Note: The specific heat of copper is 0.385 J/g °C.
Do not round your answer in the middle of the problem. Round at the very end.
Round your answer to the correct number of sig figs. Your units should be degrees Celsius.
The final temperature of the copper and water after they come to thermal equilibrium is 109.8°C.

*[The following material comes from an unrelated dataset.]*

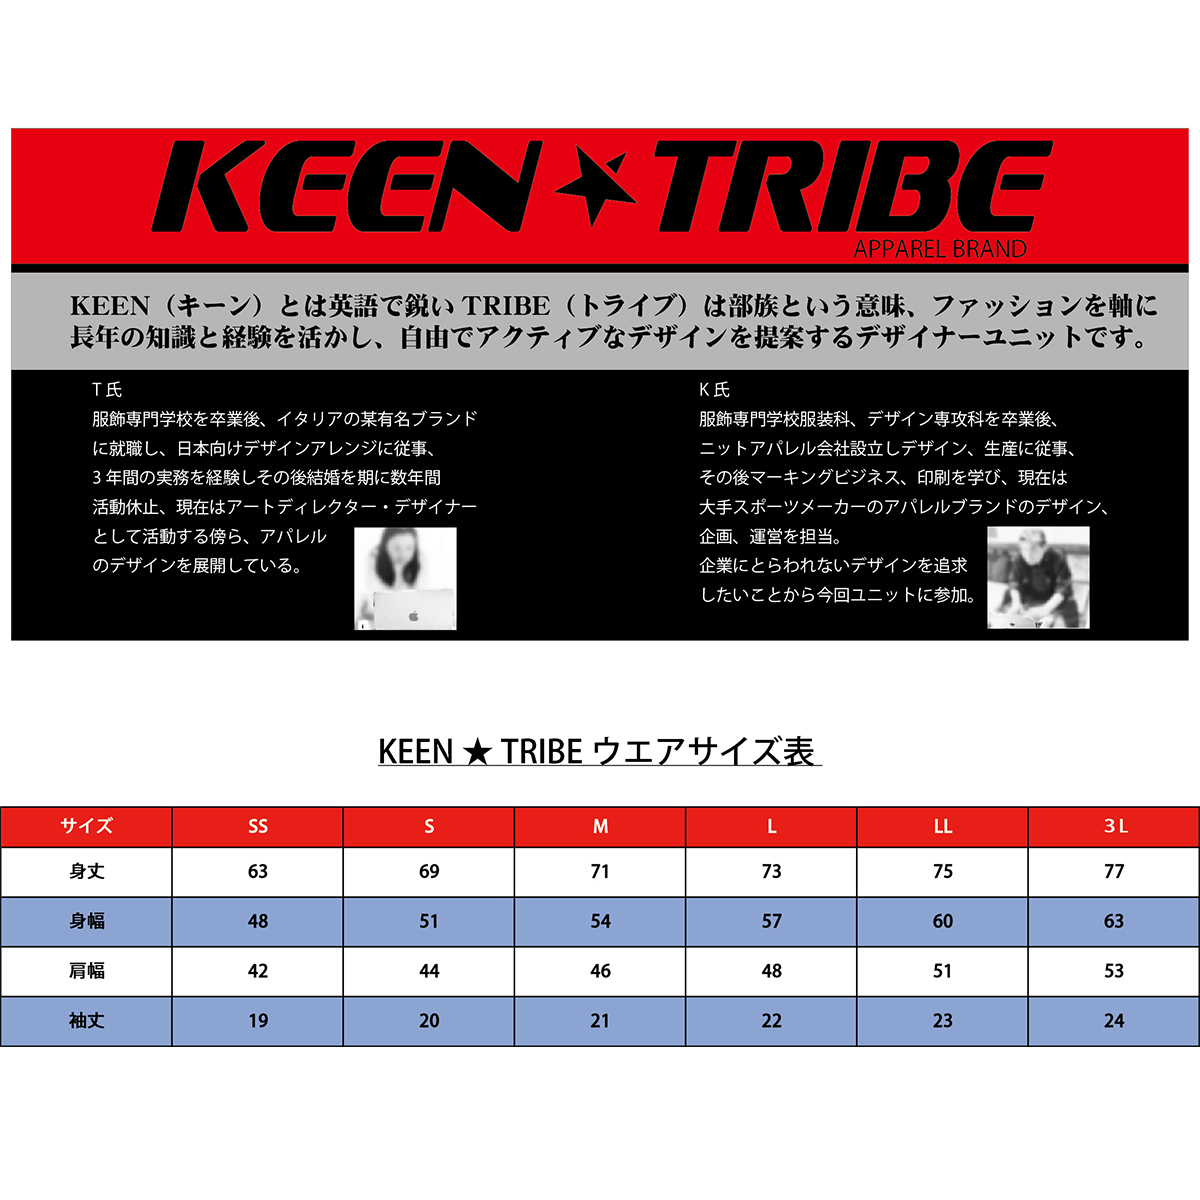 KEEN ★ TRIBE　KT-23(受注生産)

What is temperature?Temperature is a measure of the amount of thermal energy present in a substance or object. It is measured in degrees on a scale such as Fahrenheit, Celsius, or Kelvin. Temperature is important in determining the physical and chemical properties of a substance, such as its melting point, boiling point, and specific gravity. Temperature also affects the rate of a chemical reaction and the speed of diffusion.
The change in temperature of the copper can be calculated using the equation
ΔT = (Q/mc), where Q is the heat transferred, m is the mass of the copper, and c is the specific heat of copper.
Q = mcΔT = (192 g)(0.385 J/g °C)(100°C) = 74080 J
The heat transferred from the copper must equal the heat transferred to the water. Therefore,
(74080 J) = (0.85 L)(4.184 J/g°C)(ΔT)
ΔT = (74080 J)/[(0.85 L)(4.184 J/g°C)] = 109.8°C
The final temperature of the copper and water after they come to thermal equilibrium is 109.8°C.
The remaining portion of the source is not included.